As not meaning any other than the PS4s is a replacement? Are you just wilfully being a dickhead, or is it just stubbornness, or both? I don't get this at all...Michelin say it on their actual webpage, you even say it's an interview directly with Michelin, I'm confused at to what more evidence you need. The fucking michelin man walking in and slapping the tyre on your face?

Your original link, and the link at the top of it https://www.tyrereviews.co.uk/Article/Michelin-Pilot-Sport-4-S-Press-Release.htm also states the same thing. Yet because it has softer sidewalls, it's not a replacement in your eyes. Jesus man, get a grip.

EDIT: I should add, just becase they still sell PSS doesn't make your comment valid. I could get Eagle F1 AS3's and 2's at the same time. They want to clear stock.


----------



## TerryCTR (Nov 12, 2009)

Are you, let me highlight what Michelin said in the interview





Continue to ignore it all you like


----------



## Number86 (Oct 20, 2017)

TerryCTR said:


> Are you, let me highlight what Michelin said in the interview
> 
> 
> 
> ...


Are you thick?

You know how articles work right? They put the update at the top, as it's new information. Hence UPDATE to the original article, which was about the 4, not the 4s. Need I also mention, this site you put so much faith in, also contradicts you in the same page, along with Michelin themselves. But ya, ok...

EDIT - Your article was posted in March 2016. The update posted at the top of the same article...October 2016 ¯\_(ツ)_/¯


----------



## TerryCTR (Nov 12, 2009)

Listen d*ckhead, if you want to go and take this up with Michelin that's what to do as that's the responses they gave. If you can't understand that MPSS are still being produced and that they are yet to be replaced you really are a bigger 'tard than I first imagined.

Time for you to get the lint cloth out and clean your little mole lenses, but ah yes I forgot because you post a link that's the gospel as far as your concerned.


----------



## Number86 (Oct 20, 2017)

TerryCTR said:


> Listen d*ckhead, if you want to go and take this up with Michelin that's what to do as that's the responses they gave. If you can't understand that MPSS are still being produced and that they are yet to be replaced you really are a bigger 'tard than I first imagined.
> 
> Time for you to get the lint cloth out and clean your little mole lenses, but ah yes I forgot because you post a link that's the gospel as far as your concerned.
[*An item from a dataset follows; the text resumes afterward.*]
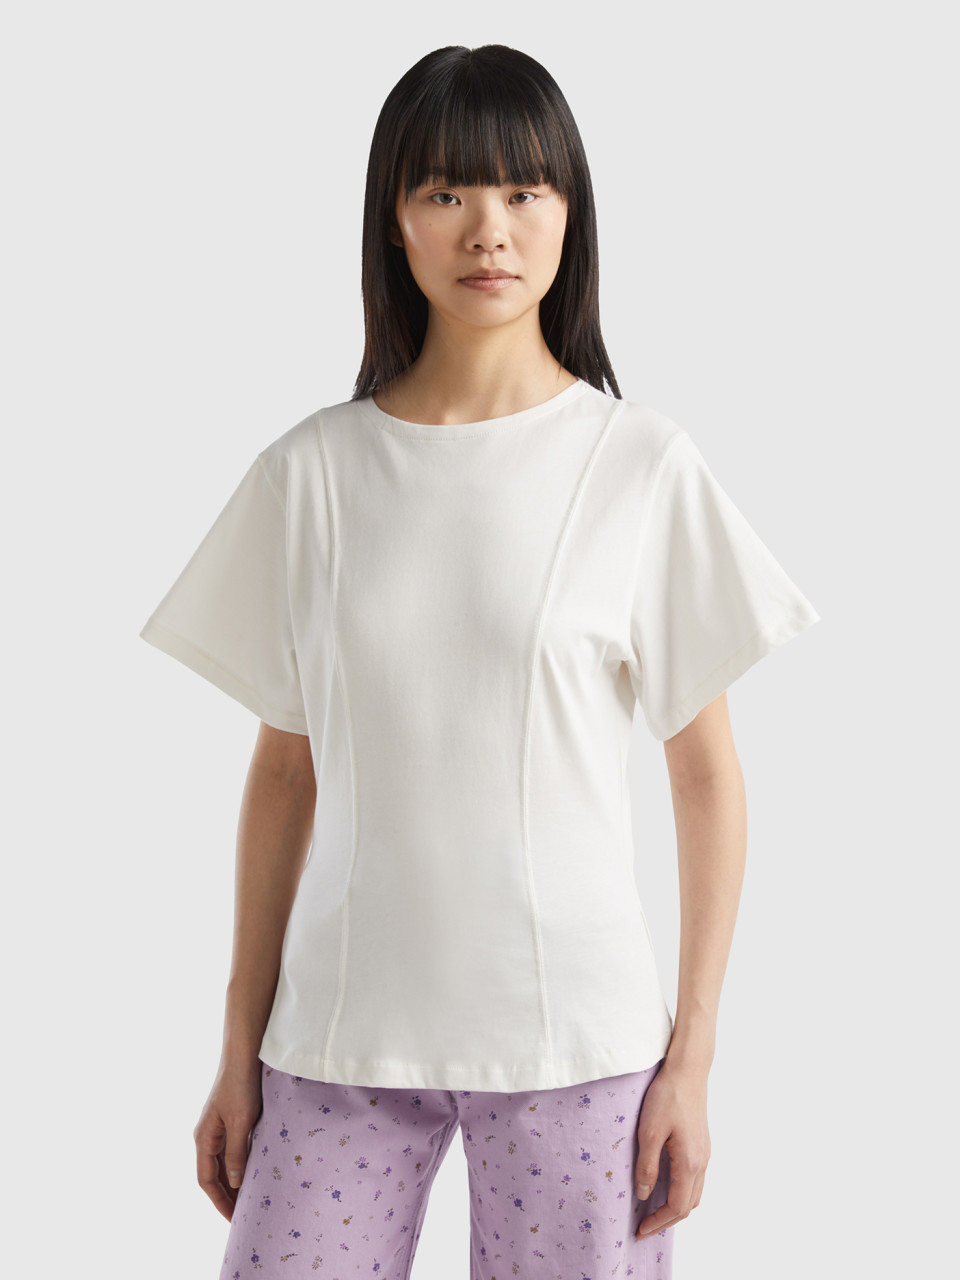 Benetton, Warmes Tailliertes T-shirt, Cremeweiss, female

Yeah see above, I just kyboshed your only proof. Why do I need to take it up with Michlein. They say it themselves, and so does your OWN FUCKING LINK you moron.


----------



## Number86 (Oct 20, 2017)

http://www.gtr.co.uk/forum/488993-miche ... 017-a.html
https://www.carthrottle.com/post/michel ... yre-world/

There's a couple of links for you as well. But of course, that's not evidence for you :lol:


----------



## TerryCTR (Nov 12, 2009)

I didn't write the article it's not my link [email protected] break. You haven't done jack your such a fcuking mong the interview is with Michelin and clearly states that they will replace MPSS in the future not that MP4 s currently replace them - especially not in 19 inch which this whole thread is about.
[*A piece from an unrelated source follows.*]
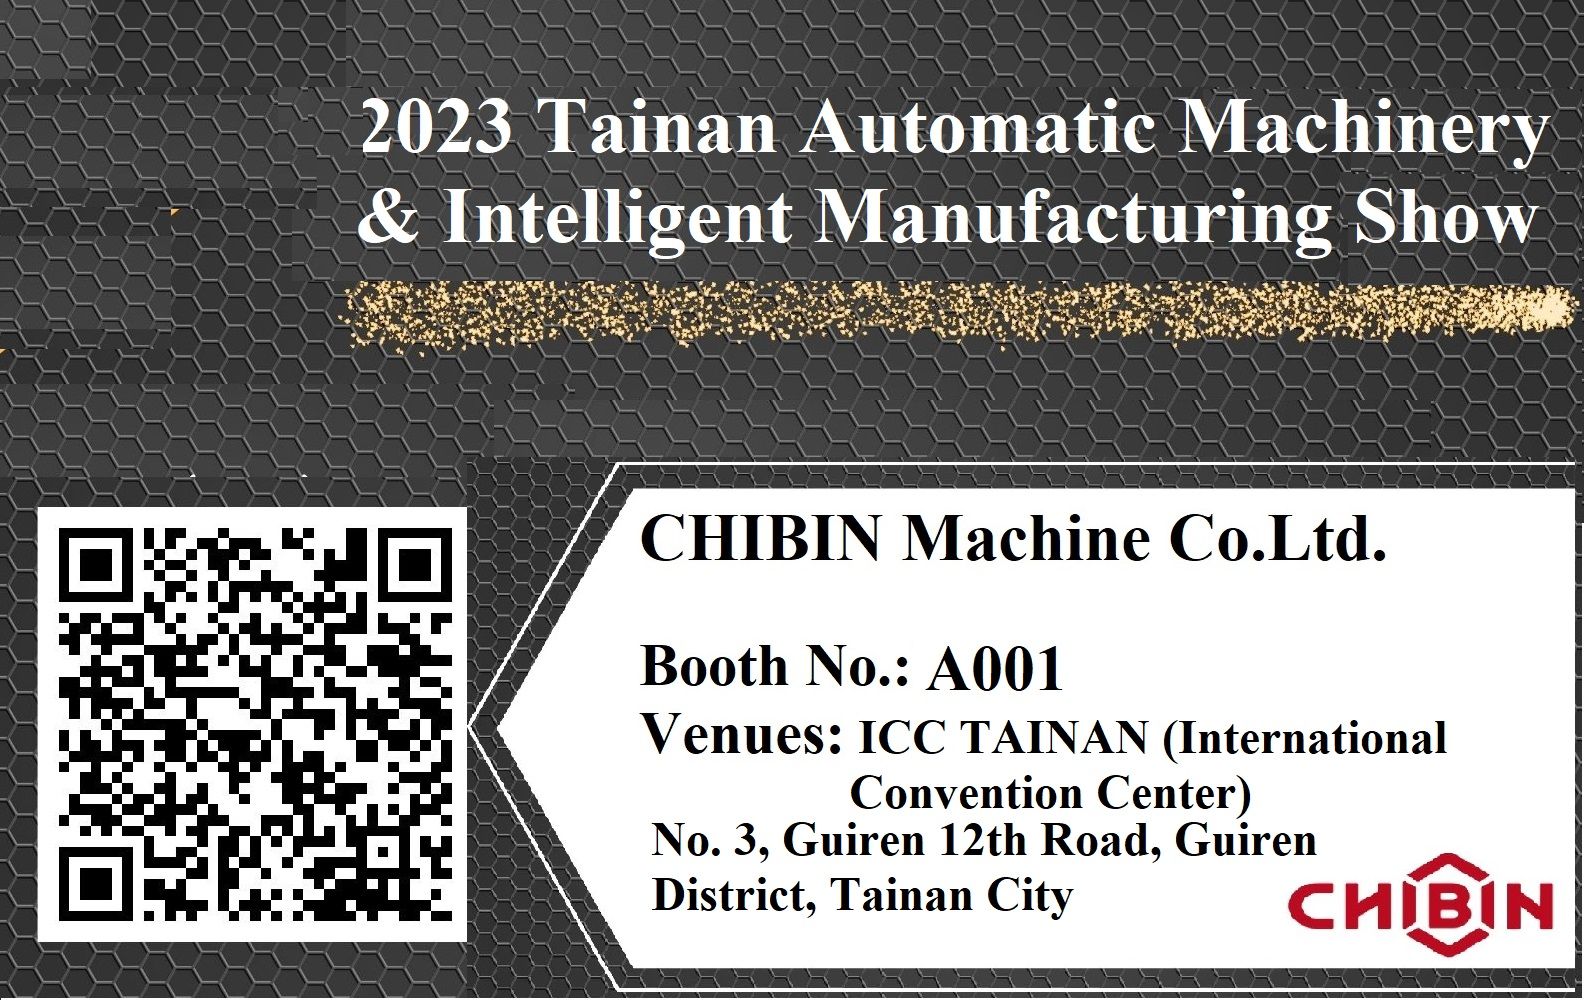 2023 Tainan Automatic Machinery & Intelligent Manufacturing Show (2023 CTMS Tainan)

Keep going posting random forum links though, your so simple that you think that qualifies as proof


----------



## Number86 (Oct 20, 2017)

TerryCTR said:


> I didn't write the article it's not my link [email protected] break. You haven't done jack your such a fcuking mong the interview is with Michelin and clearly states that they will replace MPSS in the future not that MP4 s currently replace them - especially not in 19 inch which this whole thread is about.
> 
> Keep going posting random forum links though, your so simple that you think that qualifies as proof


I don't get you. You dig you heels in when you're wrong so hard, I'd think you're a twelve your old on any other forum. But you appear to drive a very cool car, so I'd assume early 20's at least. Where is your reasoning?
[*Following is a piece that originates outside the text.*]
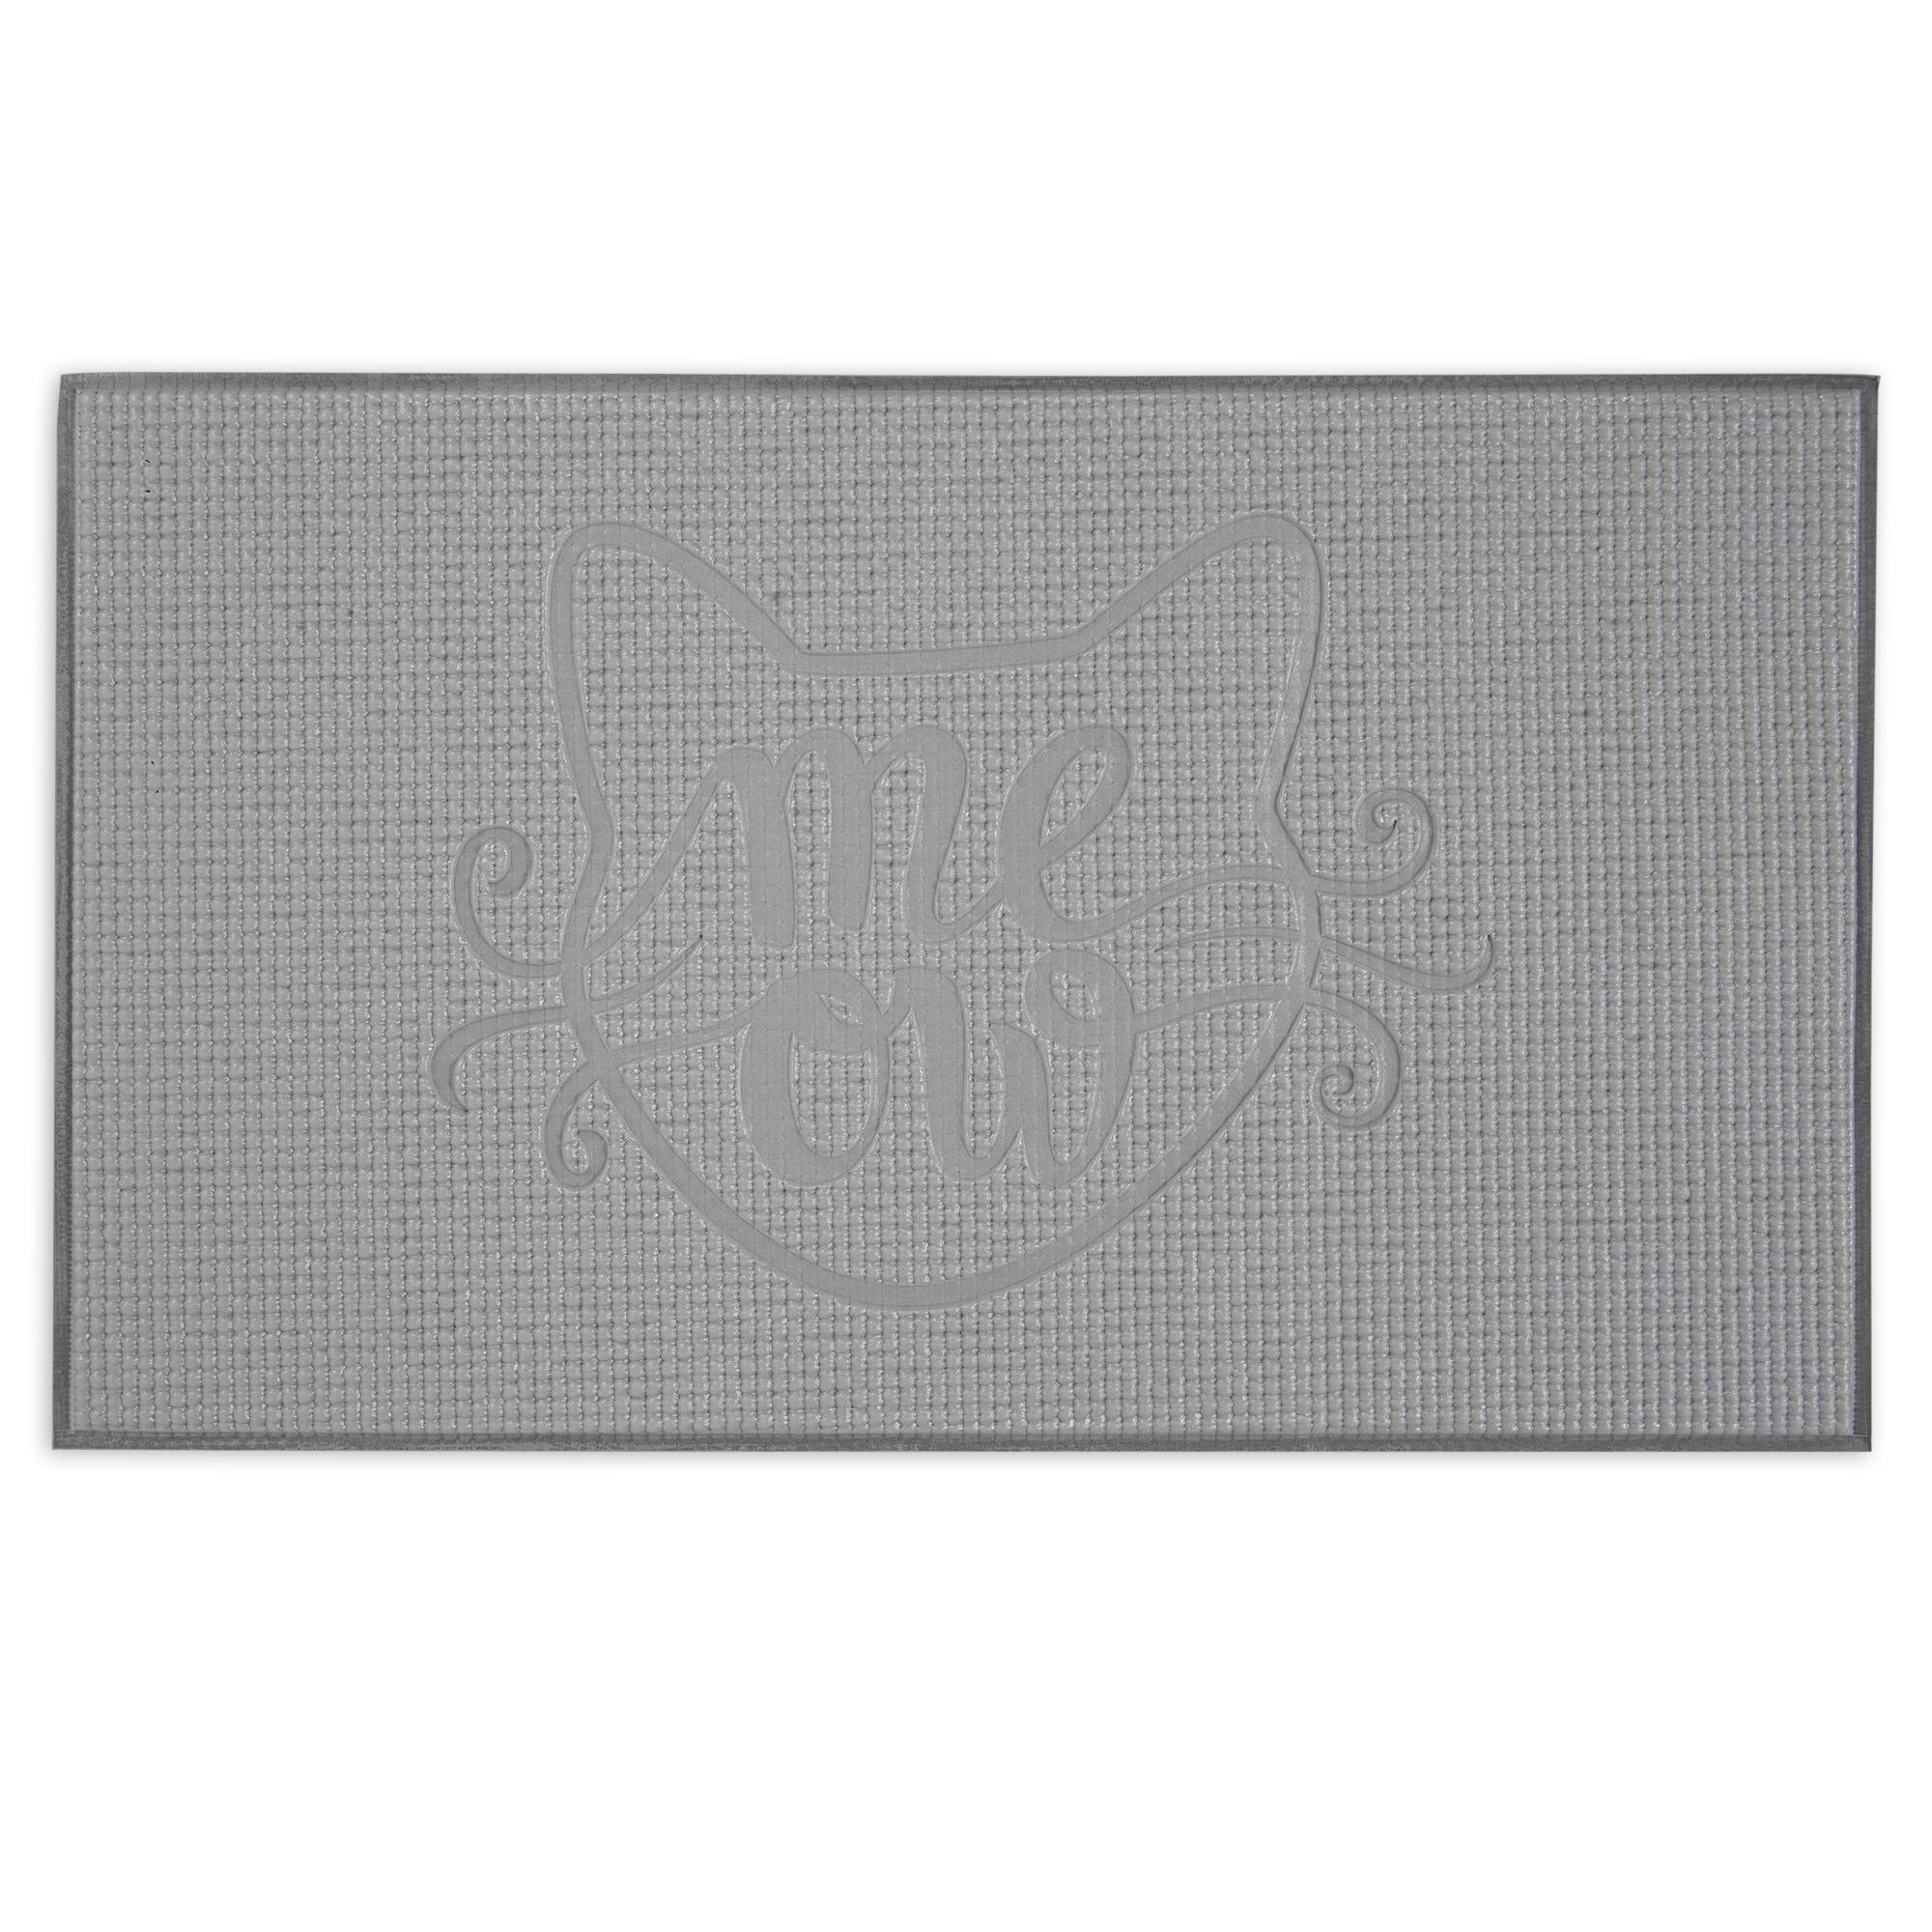 Aspen Pet Foam Pet Bowl Mat for Cats, 19 inches x 11.5 inches - image 1 of 7

I've provided multiple independent links, from independent sources, with independent opinions (and not just forums, that was just the first page of google) confirming absolutely it's the replacement. All you've provided is the same link (which ironically means in your eyes isn't evidence either, yet is your only point) that is contradicted by an update on the same page, then a "lalalala I'm not listening to you or your links" style approach. If I'm so simple, what's your proof? What am I missing that your superior intellect has gathered. Are you a secret michelin test pilot, and just taking the piss?


----------



## TerryCTR (Nov 12, 2009)

So I didn't even read your big long winded reply but you post a link to a gtr forum where members are ignorant and state the wrong info so you take that as fact and as a defence against what I say.

So I'll take a leaf out of your book and post a random link where some again don't know what's going on and are corrected by others (or not as you so think)

https://www.pistonheads.com/gassing/topic.asp?t=1601838

What car I drive has nothing to do with this bar the fact I do indeed have MPSS in 19s and they are continuing to make them in 19s for my car until a replacement is produced.

They have stopped making certain profiles 18s for example and in which case M140 owners are being forced to use the 4 - S. They are not star rated so not approved by bmw and in no way classed as a replacement.

But back to the topic on this forum. It's 19s and the MPSS continue to be produced. The link I posted is a tyre reviewer who interviewed Michelin and they gave the direct answer that MPSS will have a replacement down the line.

The whole point of the header is to summarise the general perception that 4-s are the replacement when they are not.

I could say the same about you digging your heels in and refusing to acknowledge any of what the article said, so if you don't have a cool car that possibly does make you 12 going on your logic?


----------



## Number86 (Oct 20, 2017)

TerryCTR said:


> So I didn't even read your big long winded reply but you post a link to a gtr forum where members are ignorant and state the wrong info so you take that as fact and as a defence against what I say.
> 
> So I'll take a leaf out of your book and post a random link where some again don't know what's going on and are corrected by others (or not as you so think)
> 
> ...


Hang on...Thanks for not reading my post :lol:

4s is the replacement. I posted multiple links, not from just from forum users, but moto journalist websites...oh, and lest we forget, MICHELIN THEMSELVES FFS!!! You post to a discussion topic on pistonheads?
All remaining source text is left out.